- Born: 1 January 1880 Scarborough, Tobago
- Died: 29 June 1932 (aged 52) British Guiana
- Occupation(s): Politician, author and newspaper editor
- Spouse: Beatrice Elizabeth Glassford
- Children: 2
- Parents: James Frances Webber (father); Sarah Webber née Hope (mother);
- Relatives: Wilson Harris (wife's nephew)

= A. R. F. Webber =

Tobago-born Guyanese writer (1880–1932)

Albert Raymond Forbes Webber (1 January 1880 – 29 June 1932) was a Tobago-born Guyanese politician, author and newspaper editor.

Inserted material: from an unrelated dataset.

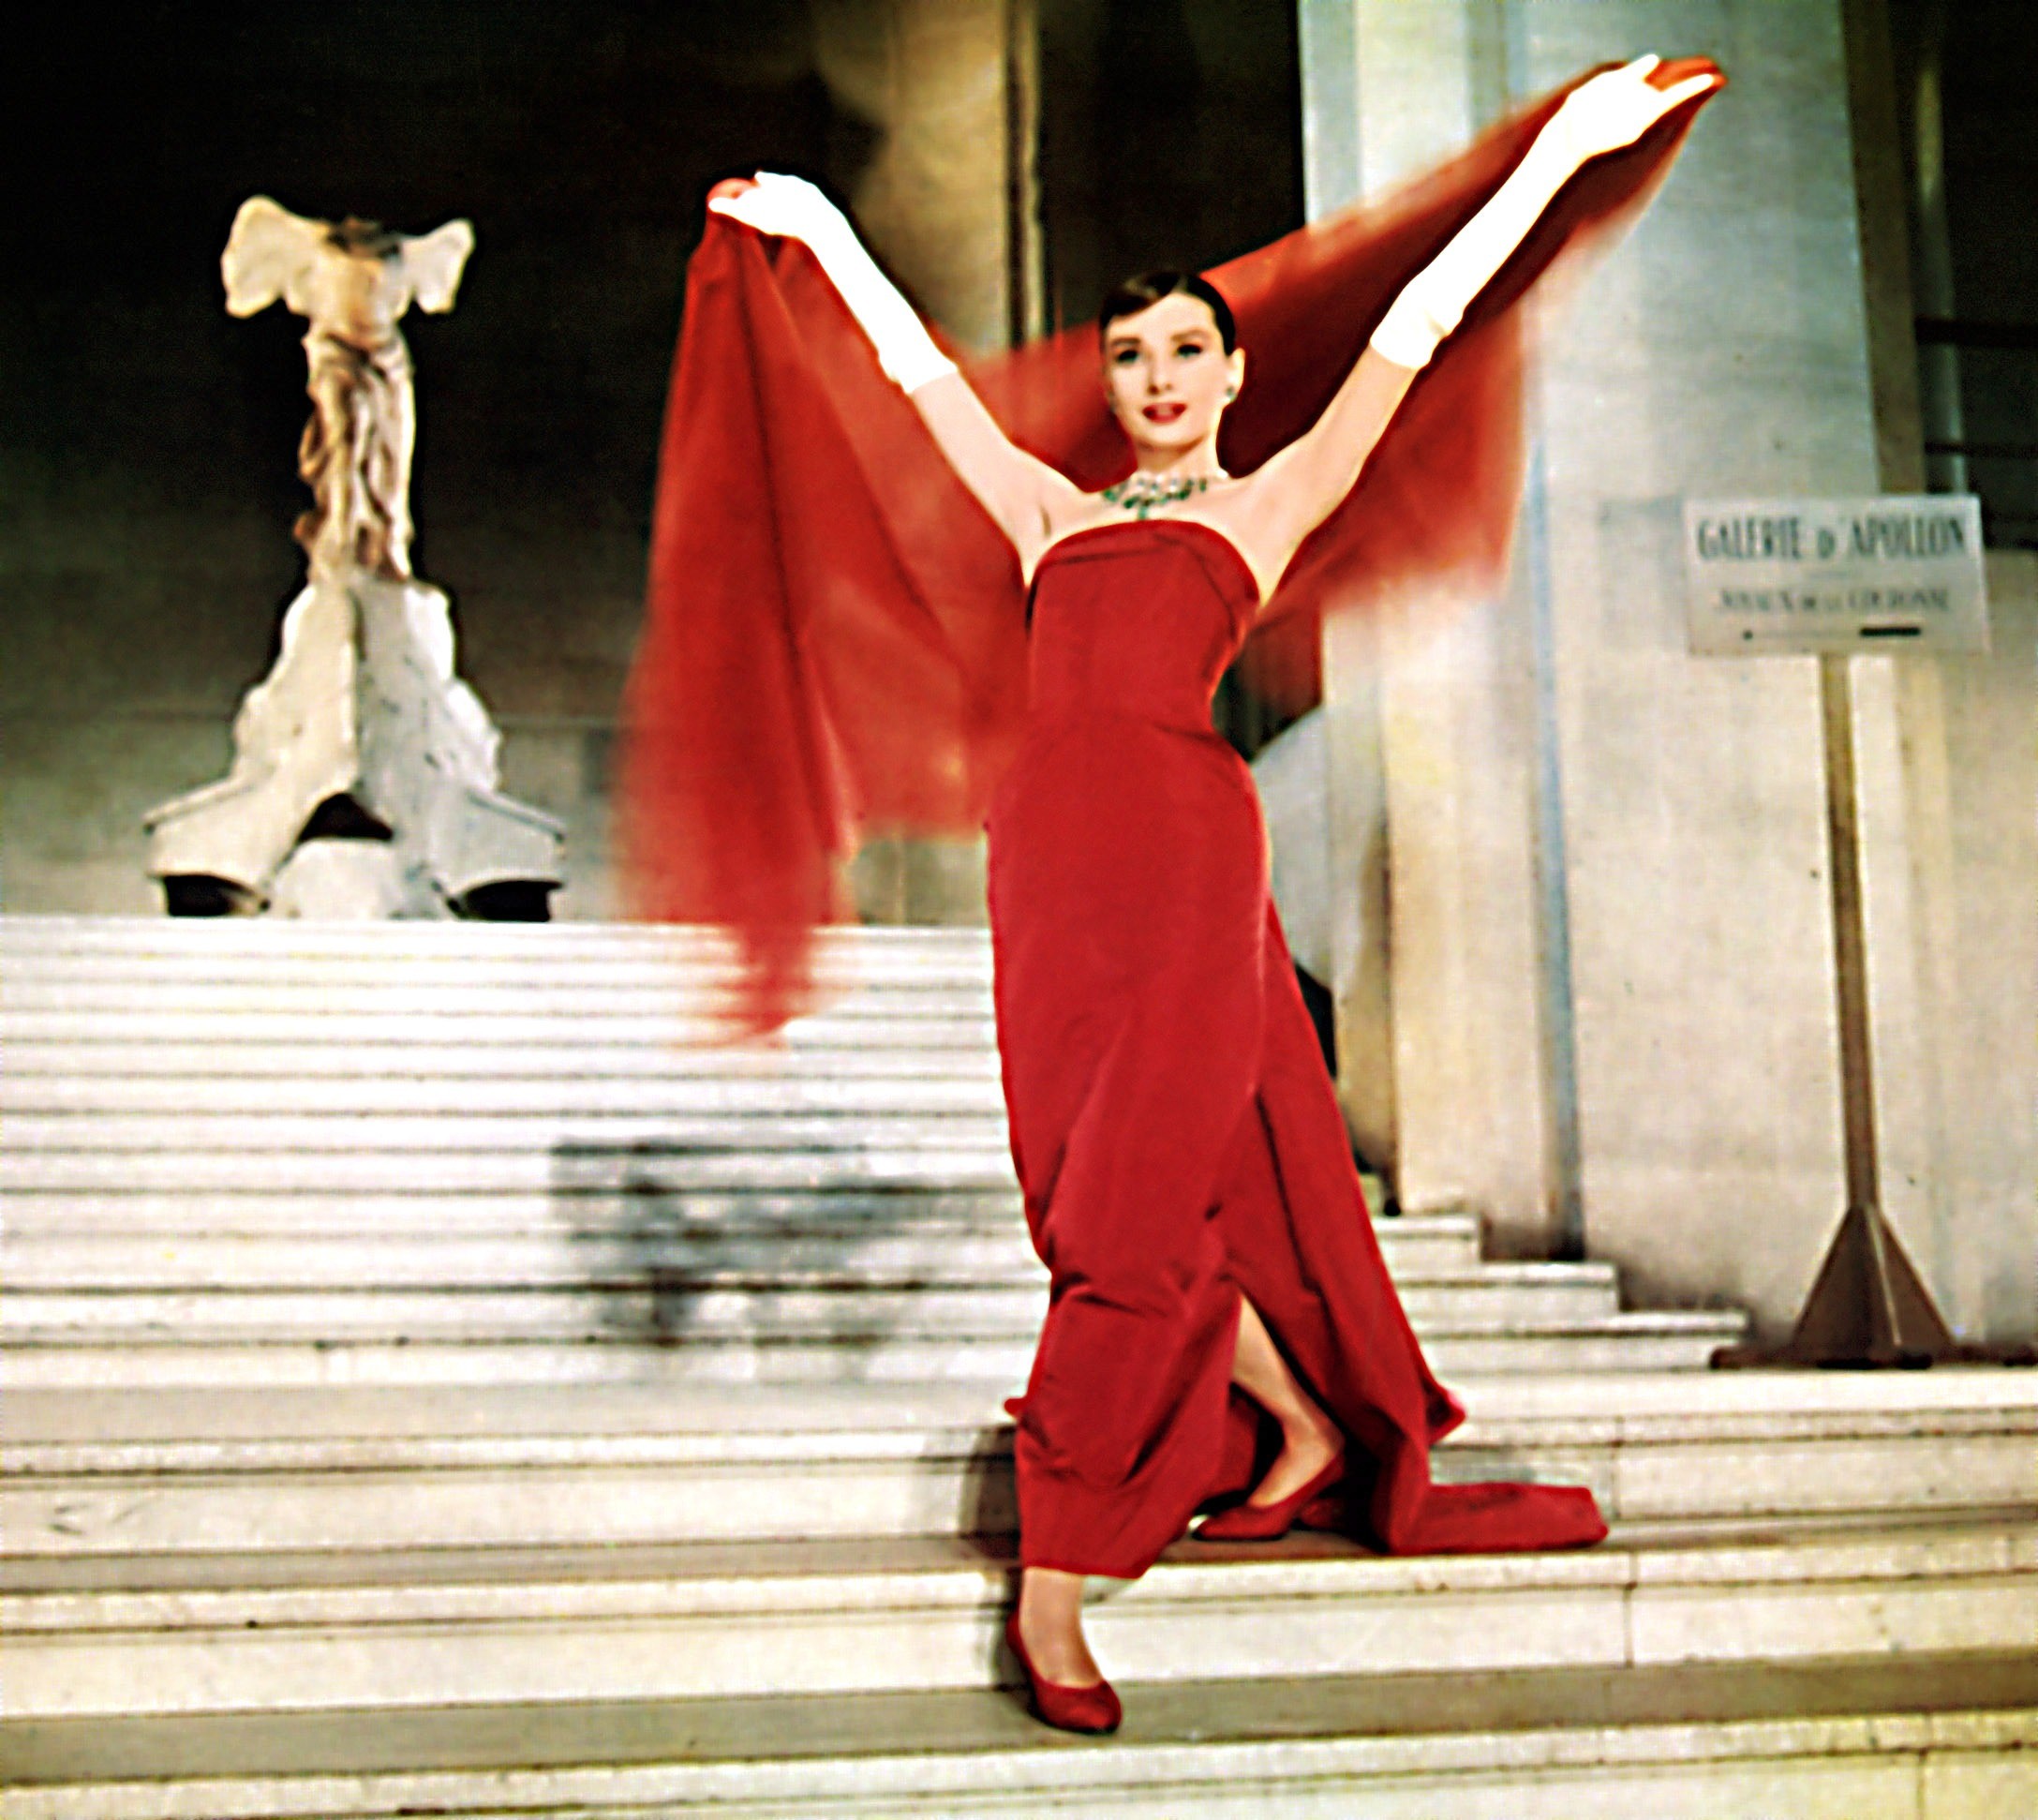 За это красное платье Юбер де Живанши получил номинацию на Оскар в категории «Лучшие костюмы» (но победу не одержал). В нем Одри Хепберн появилась в фильме «Забавная мордашка» (1957), одн...

He was author of Those That Be in Bondage: A Tale of Indian Indentures and Sunlit Western Waters (1917), a novel described as "a strange mixture of romantic sentimentality and protest against the treatment of East Indian indentured labourers on Guyanese plantations", and Centenary History and Handbook of British Guiana (1931).

==Early life==
Webber was born in Scarborough, Tobago, to Sarah ( Hope) and James Frances Webber and baptised in the Wesleyan-Methodist Church. Around 1890, Webber's parents separated and his father migrated to British Guiana to join his two half-brothers, Ernest and Percival Forbes. In 1899, Webber migrated to British Guiana and married Beatrice Elizabeth Glassford in 1899. Between 1906 and 1910, Webber worked for several gold producers, before working in advertising, first for the Daily Argosy newspaper and later for Booker Brothers, the largest conglomerate in British Guiana.

==Journalism==
In 1919, he became editor of another newspaper, the Daily Chronicle, a position he held until 1925. Between 1925 and 1930 he was editor of the New Daily Chronicle. In 1929 he helped launch the West Indian Press Association.

==Political involvement==
In 1921 Webber got involved in politics and was elected a Financial Representatives in the Combined Court, British Guiana's legislated body. By 1925 he was seen as a leader of the Afro-Guyanese and Indo-Guyanese people. In response to British attempts to reduce electoral involvement and transform British Guiana into a crown colony, Webber helped form the Popular Party, the first political party in the British West Indies. As Webber became more involved in politics he became involved in the British Guiana Labour Union.

==Literary career==
Webber wrote poetry, fiction and non-fiction. According to historian Selwyn Cudjoe, Webber's oldest-known published work consists of three poems—"What of a Night", "Wisdom Cometh in the Morning" and "The Jealous Scribe"—which were published in the Daily Chronicle in January and February 1916. Louis Ross, Webber's cousin, recounted to Cudjoe that he believed that Webber had started a literary magazine with Everil Ross, Louis' older brother, around 1910.

Webber published his only novel, Those That Be in Bondage in 1917. This was followed by a book of poems, Glints from an Anvil in 1919 and An Innocent's Pilgrimage, a travelogue of his journey to the United Kingdom in 1926 as part of the Guyanese delegation to the West Indian Conference, which was published in 1927. His final work, the Centenary History and Handbook of British Guiana, was published in 1931.

==Other achievements==
In 1929, Webber was elected a Fellow of the Royal Geographical Society.